Reproduce every line of the data, exactly and without its pictures.

*** Data block ***

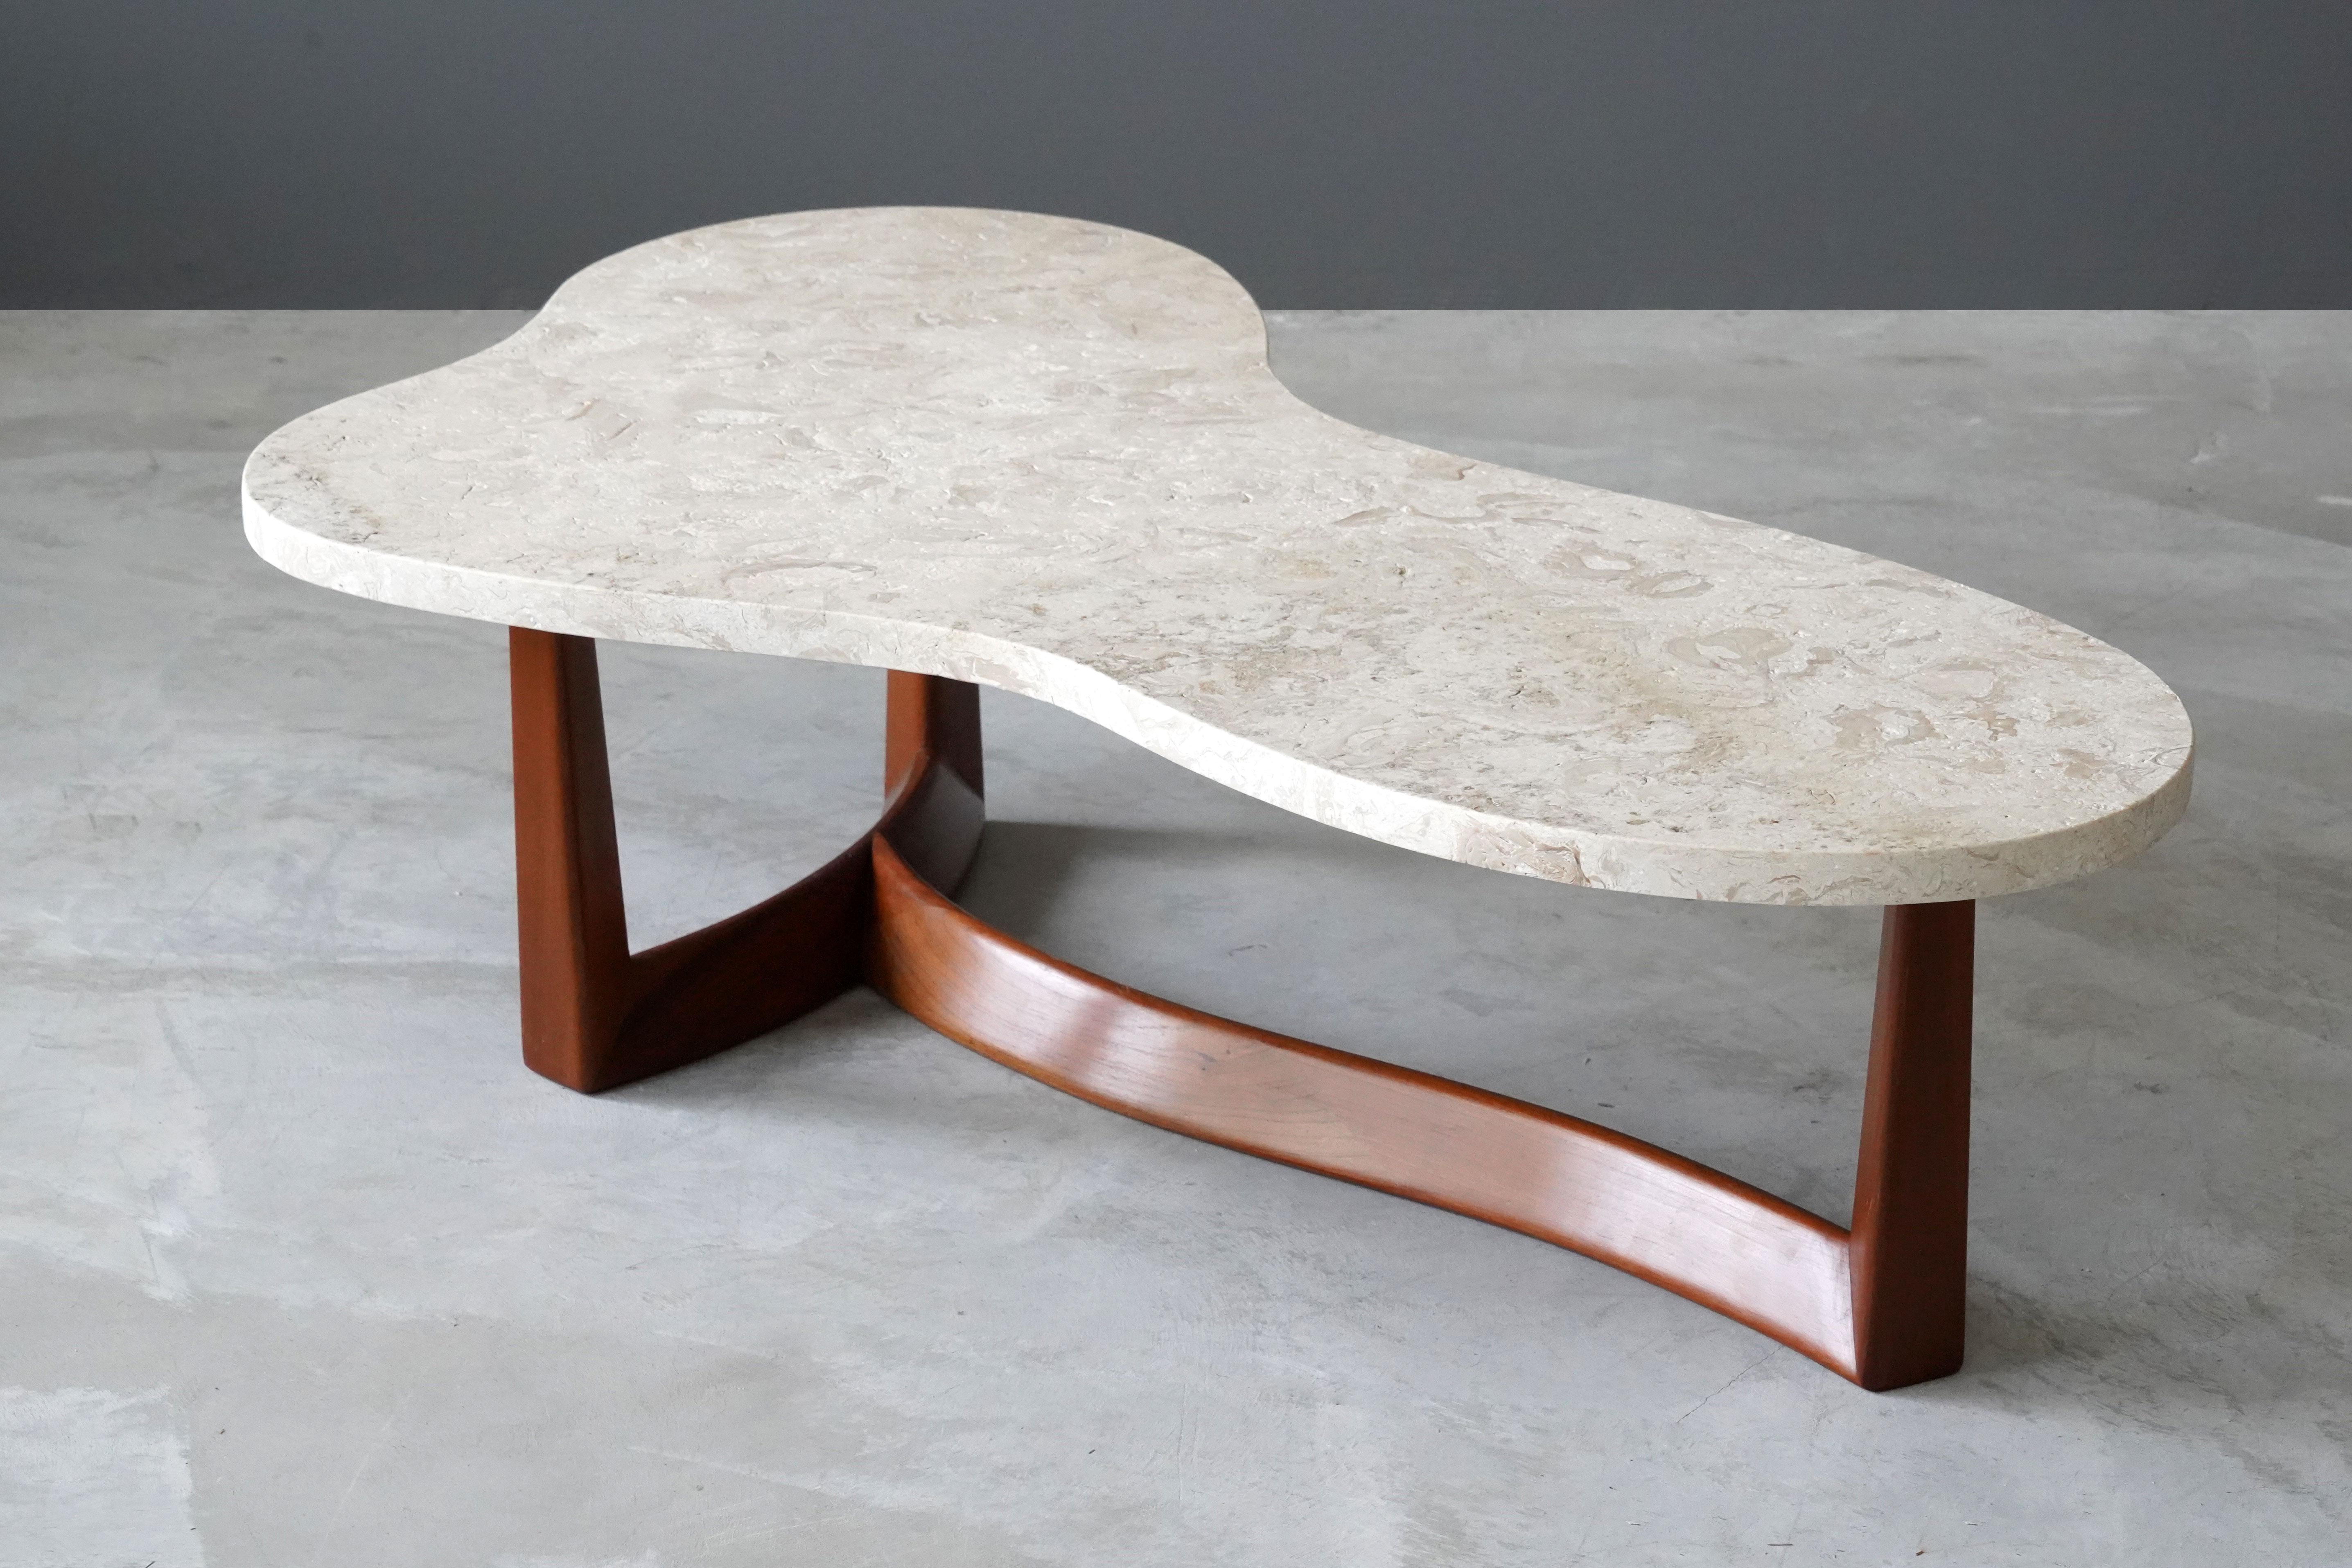 A rare and organic coffee or cocktail table. Produced in America, 1950s. The marble top rests on a finely sculpted walnut base. Possibly designed by T.H. Robsjohn-Gibbings. 

Other designers of the period include Paul Frankl, Tommi Parzinger, and
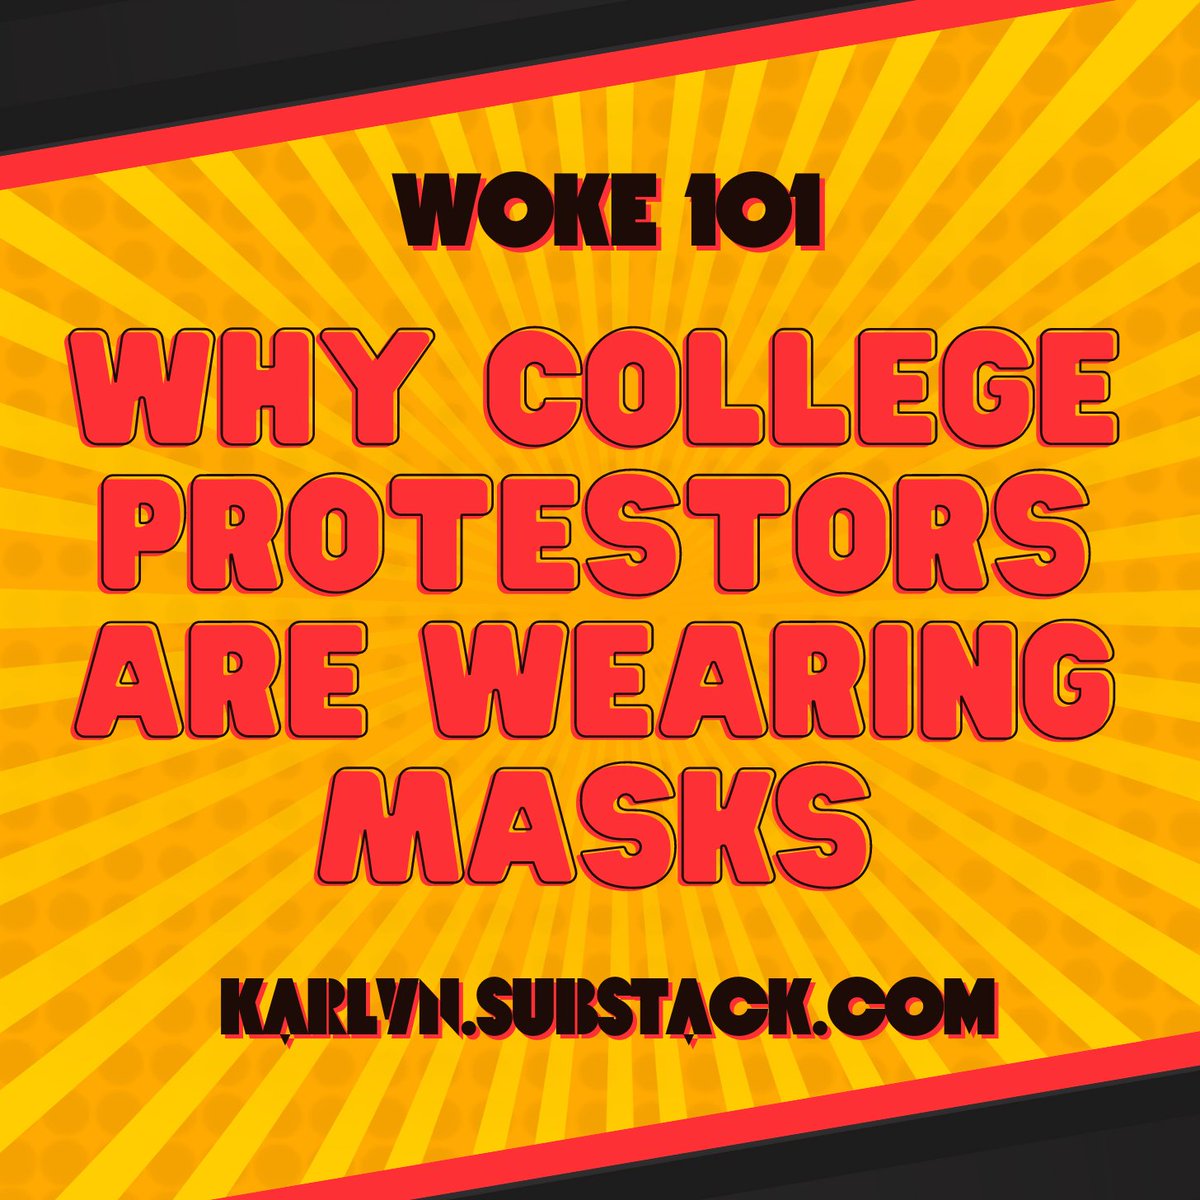 Are you confused about why college protestors are wearing masks? The fact is that most leftist events require (or strongly recommend) mask-wearing. And it may not be why you think. I explain, in the latest post in my WOKE 101 series: karlyn.substack.com/p/woke-101-why…

*** End of Data block ***

Finished exercise:
 A rare and organic coffee or cocktail table. Produced in America, 1950s. The marble top rests on a finely sculpted walnut base. Possibly designed by T.H. Robsjohn-Gibbings. 

Other designers of the period include Paul Frankl, Tommi Parzinger, and
 Are you confused about why college protestors are wearing masks? The fact is that most leftist events require (or strongly recommend) mask-wearing. And it may not be why you think. I explain, in the latest post in my WOKE 101 series: karlyn.substack.com/p/woke-101-why…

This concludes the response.